Without including the pictures, copy out every line below.

_Given material:_
+-------+

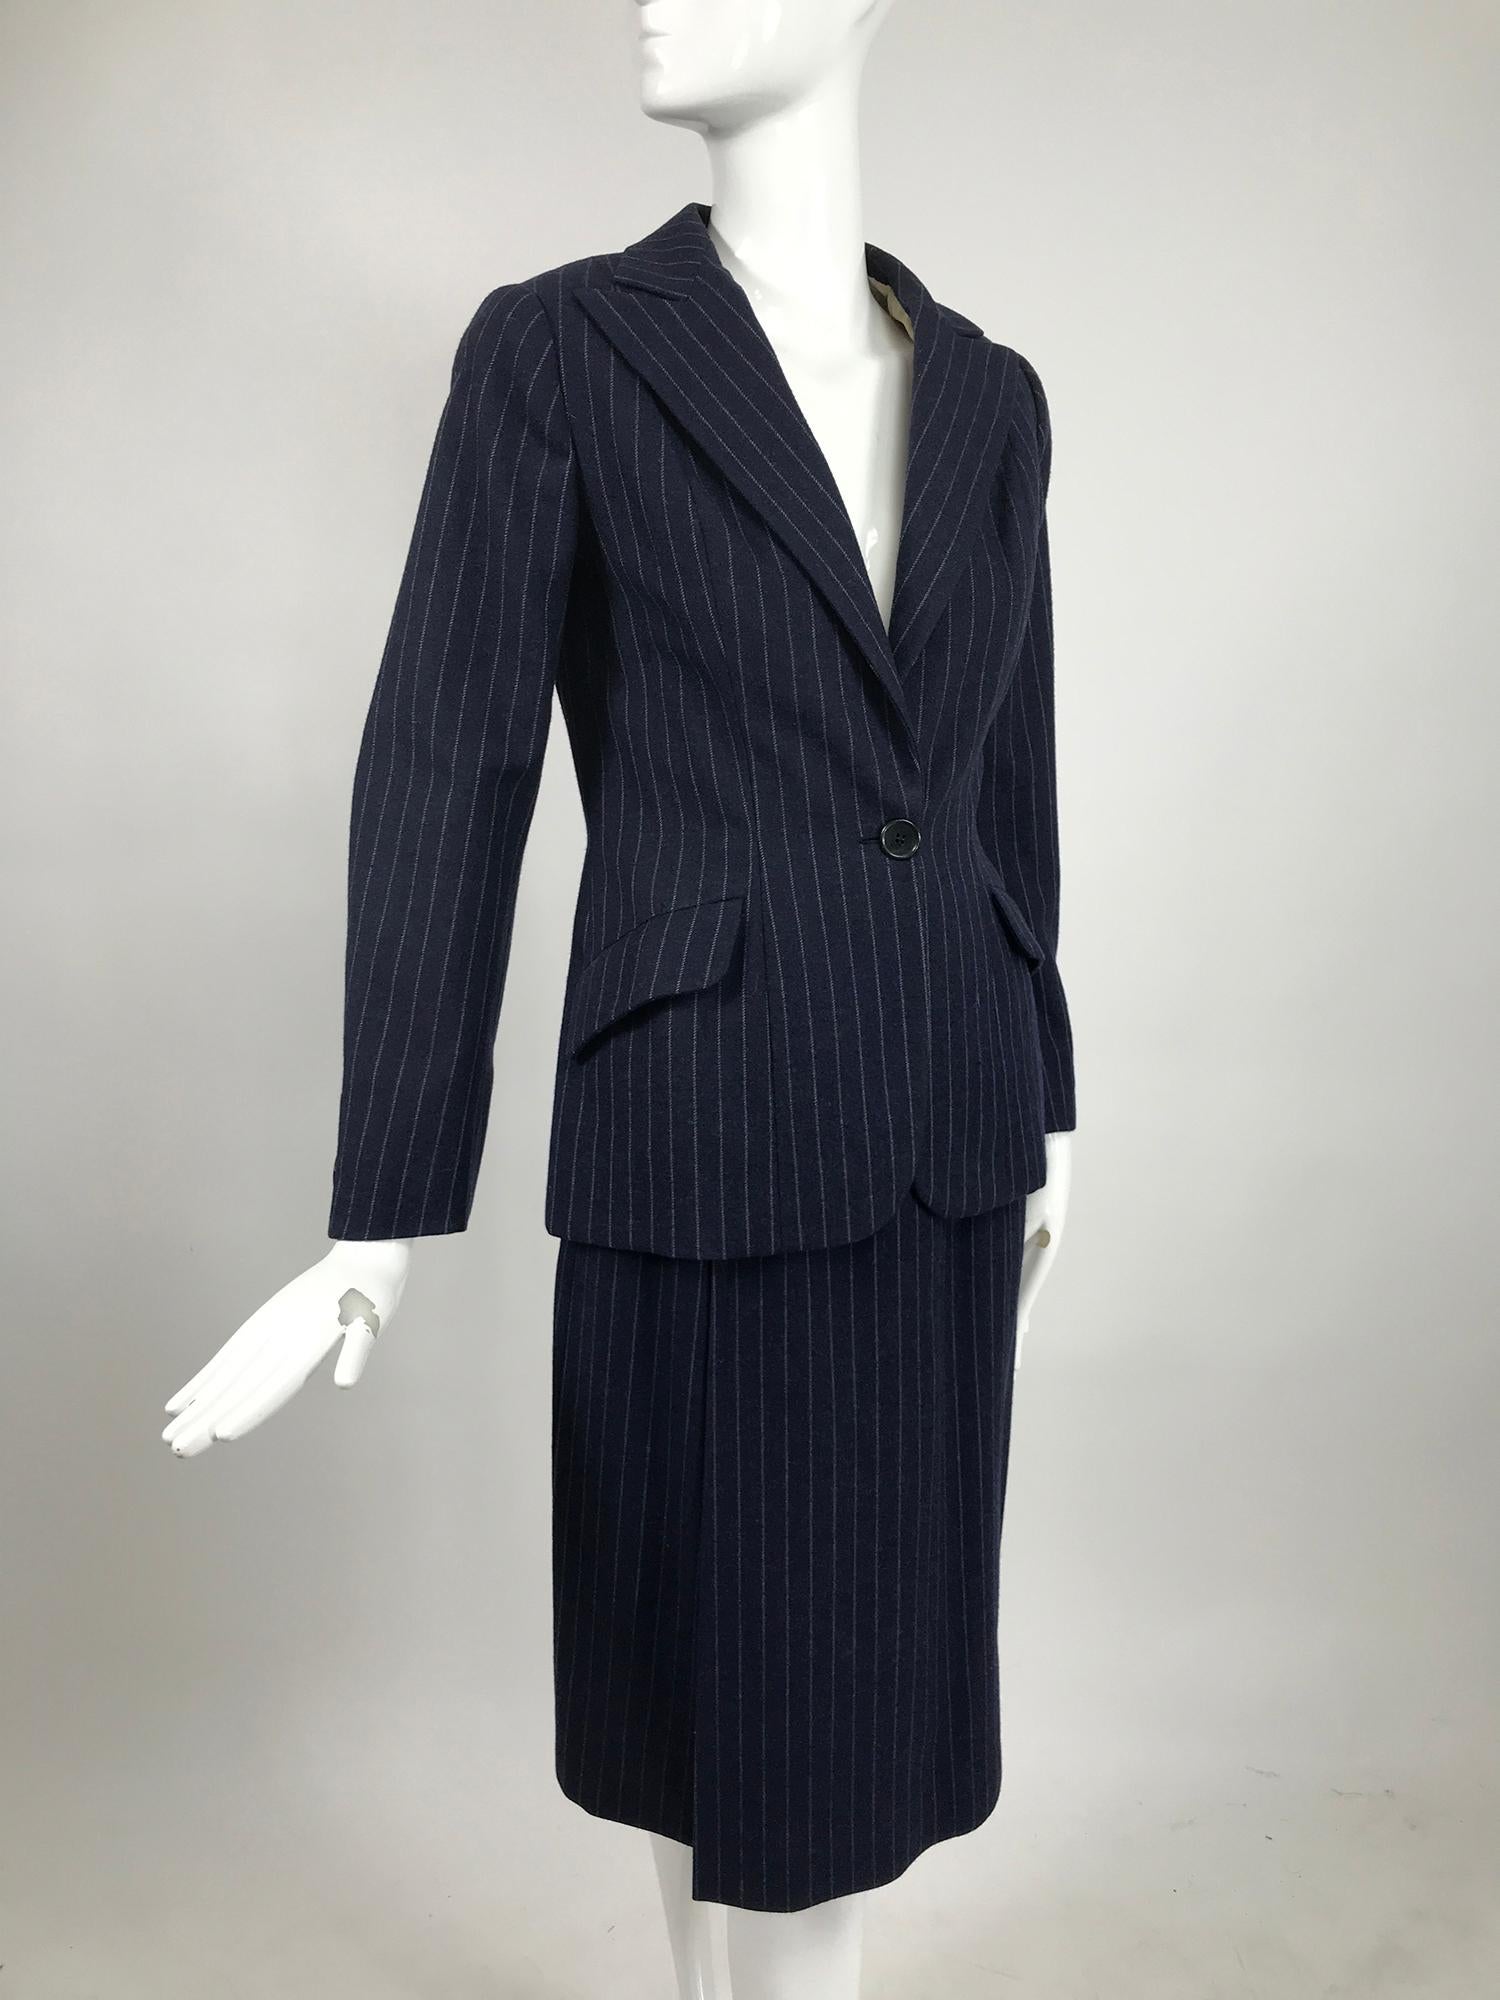 Combinaison vintage Maggy Rouff Couture en laine à rayures en bleu militaire et gris, du début des années 1950. Veste croisée se fermant par un seul bouton à la taille, revers crantés, poches de travail à rabat incliné, buste à pinces, taille
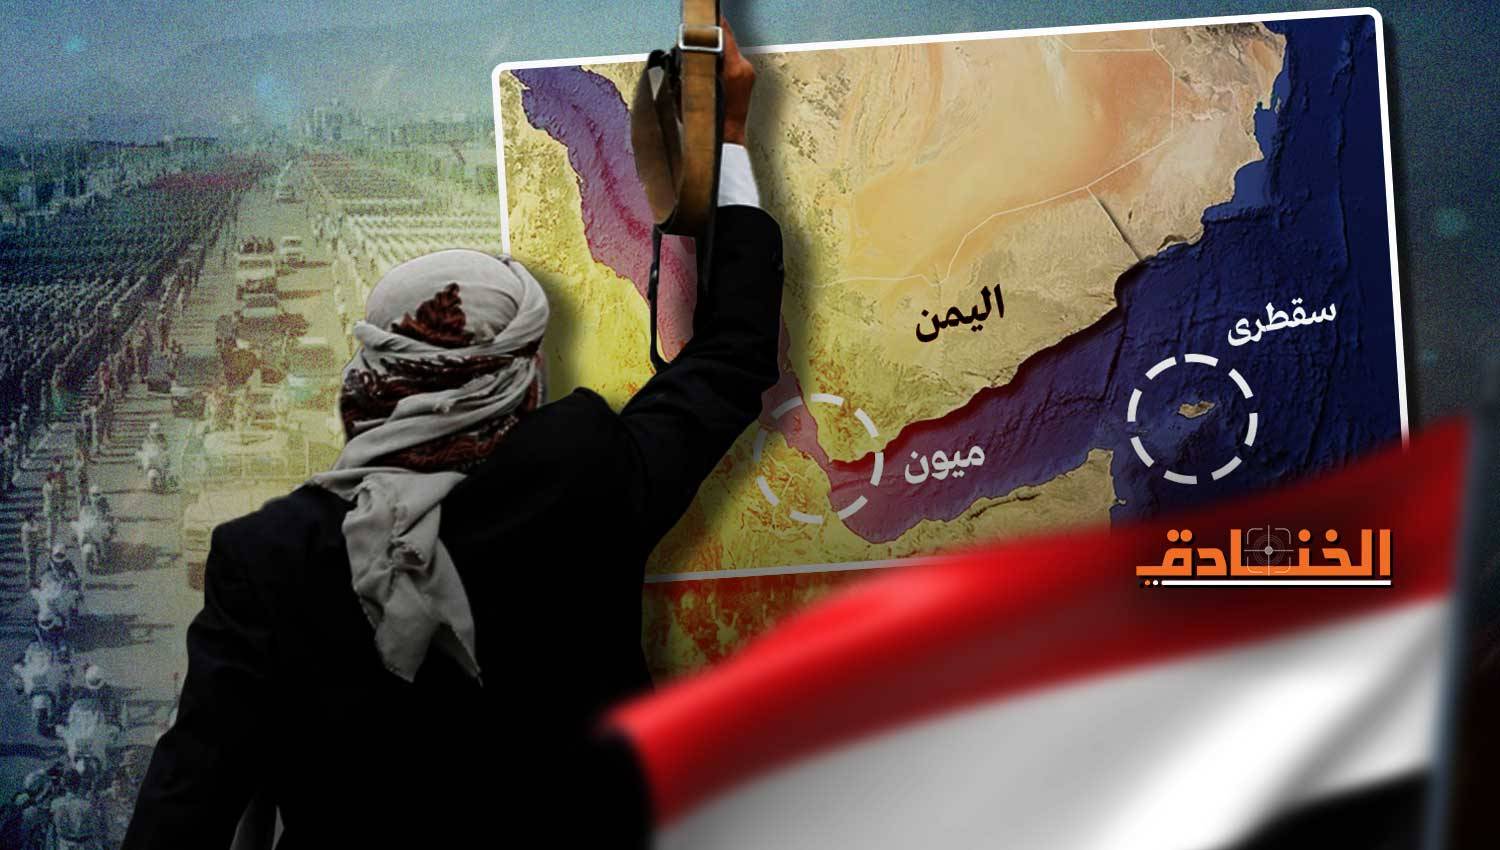 سياسي عربي: كتائب يمنية وصلت لبنان (فيديو)
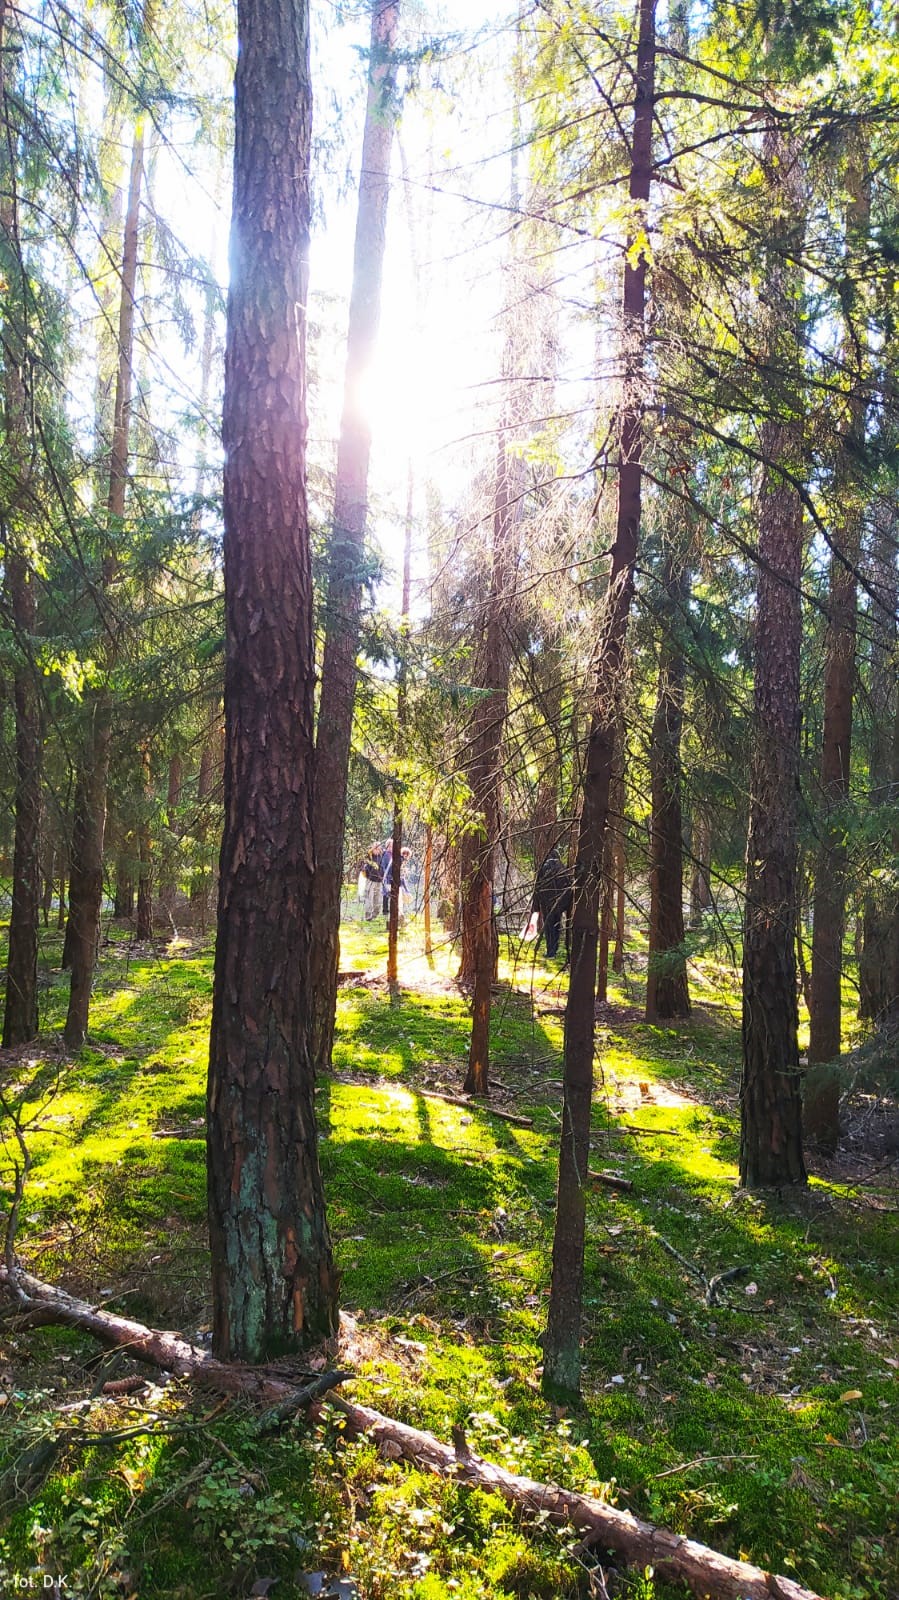 Na zdjęciu krajobraz leśny, wysokie drzewa iglaste przeszyte promieniami słońca w oddali grupa grzybiarzy. Runo leśne pokryte mchem w kolorze soczystej zieleni

+-------+

_Finished exercise:_
 Combinaison vintage Maggy Rouff Couture en laine à rayures en bleu militaire et gris, du début des années 1950. Veste croisée se fermant par un seul bouton à la taille, revers crantés, poches de travail à rabat incliné, buste à pinces, taille
 سياسي عربي: كتائب يمنية وصلت لبنان (فيديو)
 Na zdjęciu krajobraz leśny, wysokie drzewa iglaste przeszyte promieniami słońca w oddali grupa grzybiarzy. Runo leśne pokryte mchem w kolorze soczystej zieleni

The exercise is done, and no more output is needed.